SINGAPORE - There has been a 35 per cent to 40 per cent increase week on week in coronavirus cases over the past few days, the Ministry of Health (MOH) said on Friday, in a fresh warning as the nation gets used to treating the virus as endemic.
Driven primarily by an increase in infections by the Omicron variant BA.2.75, which accounts for about a quarter of all daily infections, the increase translates to 900 to 1,000 more cases every day, the ministry said.
MOH said higher numbers of cases are expected over the next few weeks.
It continues to monitor the situation, and urged those who have not received their booster shots to do so.
But it added that the higher number of cases has so far not led to more severe disease or had significant impact on Singapore's healthcare system.
The main driver of the surge, BA.2.75, also does not seem to be more dangerous.
"There has been no evidence of increased disease severity associated with BA.2.75 in international research or in our local context," MOH said.
The new Omicron sub-variant BA.2.75, nicknamed Centaurus, was first detected in India in early May and has since infected people in the United States, Britain, Australia, Germany, Canada and others.
There is worry that it may be more vaccine-resistant.
Virologists have also been alarmed by the number of extra mutations it contains, giving it a "wild card" property. Health organisations are still studying it.
MOH said it is now circulating more widely in the population due to the easing of most Covid-19 rules and more social mixing and gatherings, since the first two imported cases of the variant were reported here in July.

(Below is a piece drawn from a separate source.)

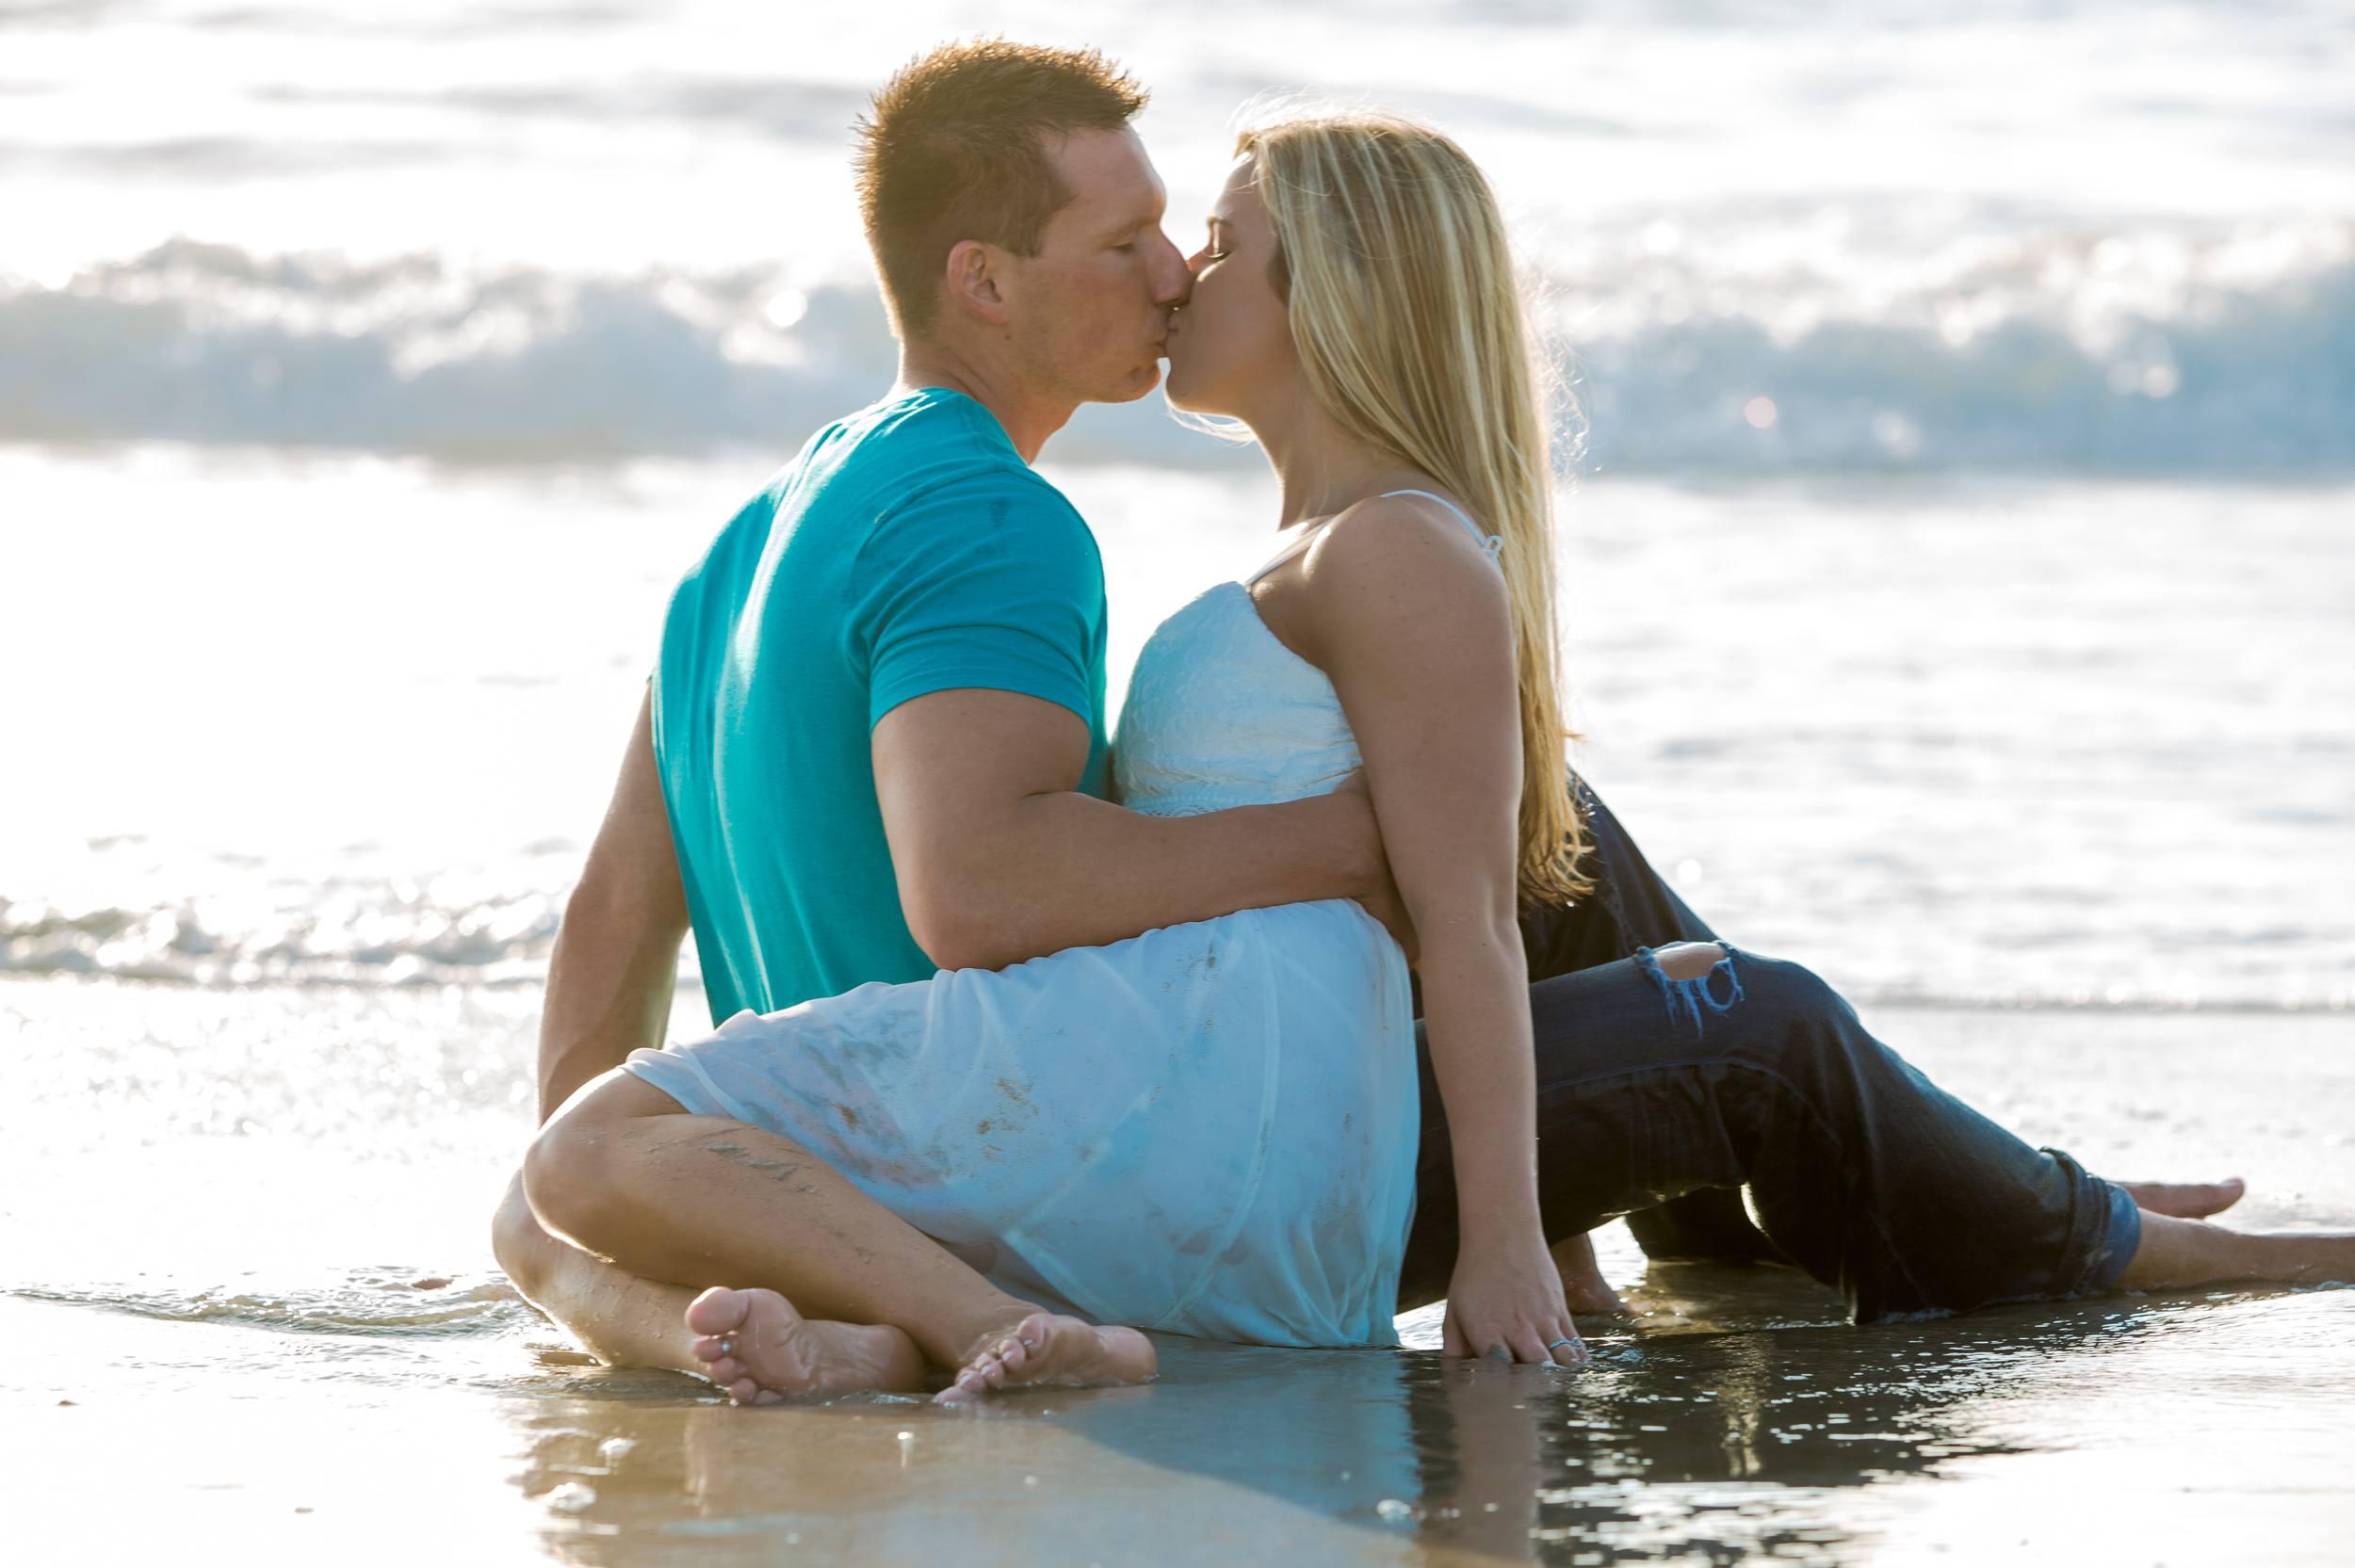 Lori Wilson Park Cocoa Beach Sunrise Engagement Session Mint Green dress- Bri 16.jpg

This is coupled with a higher proportion of reinfections, increasing from 6 per cent of all reported cases in the beginning of September to 10 per cent this week, although these still account for only a small proportion of the rise.
Infectious diseases specialist Leong Hoe Nam said the rise is expected.
Beyond sub-variant B.A.2.75, others, such as B.A 4.6, are also gaining headway.
After the spike in cases two to three months ago, public immunity is also waning once more, predisposing more people to reinfection.
"But I'm not concerned. The case of repeated infections is the new normal. So far, it doesn't seem to have led to more severe illness," he added.
MOH urged the public to continue to exercise personal and social responsibility, as well as caution, such as wearing masks when in crowded places, or when visiting or interacting with vulnerable persons.
Those who are unwell should stay at home.
If they feel unwell when out or in the workplace, they should go home immediately to rest or see a doctor, MOH said.